The site also points us to downloads of Christian Siefkes' book From Exchange to Contributions: Generalizing Peer Production in the Physical World (pdf document) and mentions a new book, Life Without Money, billed as “an introductory field guide to contemporary non-market socialism.” (Oddly enough, it costs $29.95.)
Demonetize.it also features a blog that has periodic postings, such as a recent a call for papers (in English or German) for the March/April 2012 issue of the Austrian journal Streifzüge. The journal invites writers to address the following kinds of questions:
"Is a global revolution necessary or is it possible to construct demonetized zones? Or is it only possible to make progress by applying both strategies? Is it necessary to promote social struggles against the rule of money and its beneficiaries or can demonetized ways of living only be supported by attractive best practices without involving struggles? Or is there again a third way, i.e., is it necessary to link struggles and practical alternatives? What is the logic of money? Where does it start to structure our way of thinking and to form our way of acting? Are we human beings so deeply structured by money that we first have to change ourselves before demonetization could be possible? Or can we only change psychologically if demonetization makes progress?"
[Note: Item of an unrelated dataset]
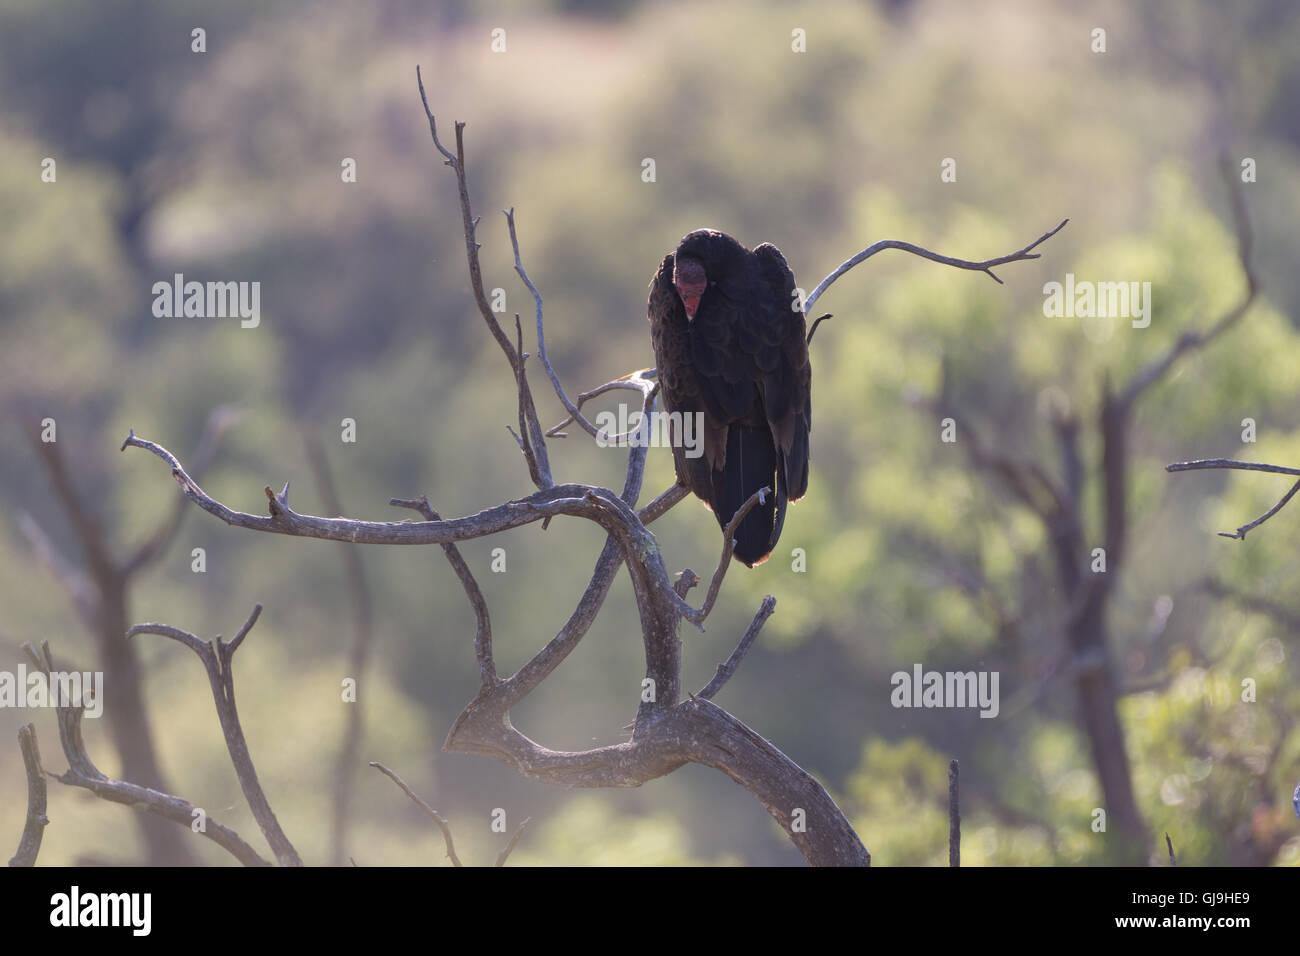 Turkey Vulture, (Cathartes aura), Huachuca mountains, Arizona, USA. - Stock Image
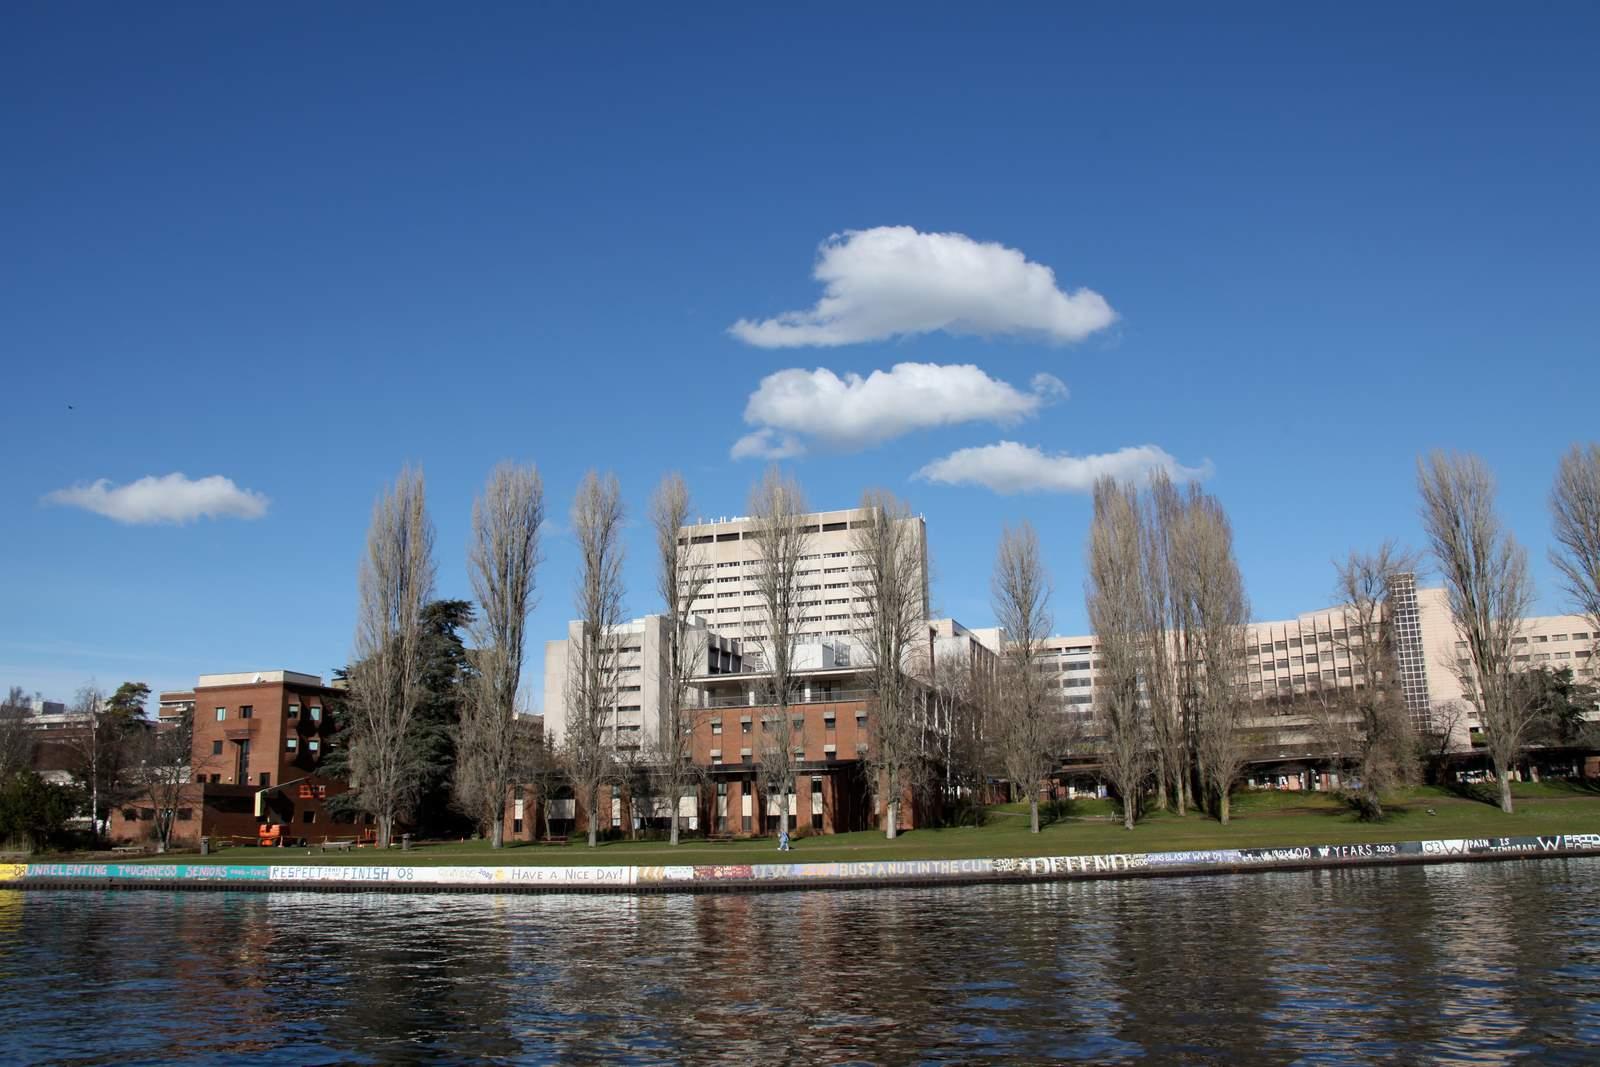 university of washington wallpaper - wallpapersafari

As the conventional money economy becomes highly concentrated and markets become a political force in their own right, we need more discussion about how money structures our lives, often in negative ways. However, I personally like to differentiate "money" from "capitalism," and I think the real action in the future will be in complex hybrids that combine markets with communities that assert authority over them – commons-based markets, so to speak. That said, it's important that we probe more deeply into the principles of demonetization and the strategies for rendering certain human activities inalienable. Demonetize.it! shines a bright spotlight on this much-neglected topic.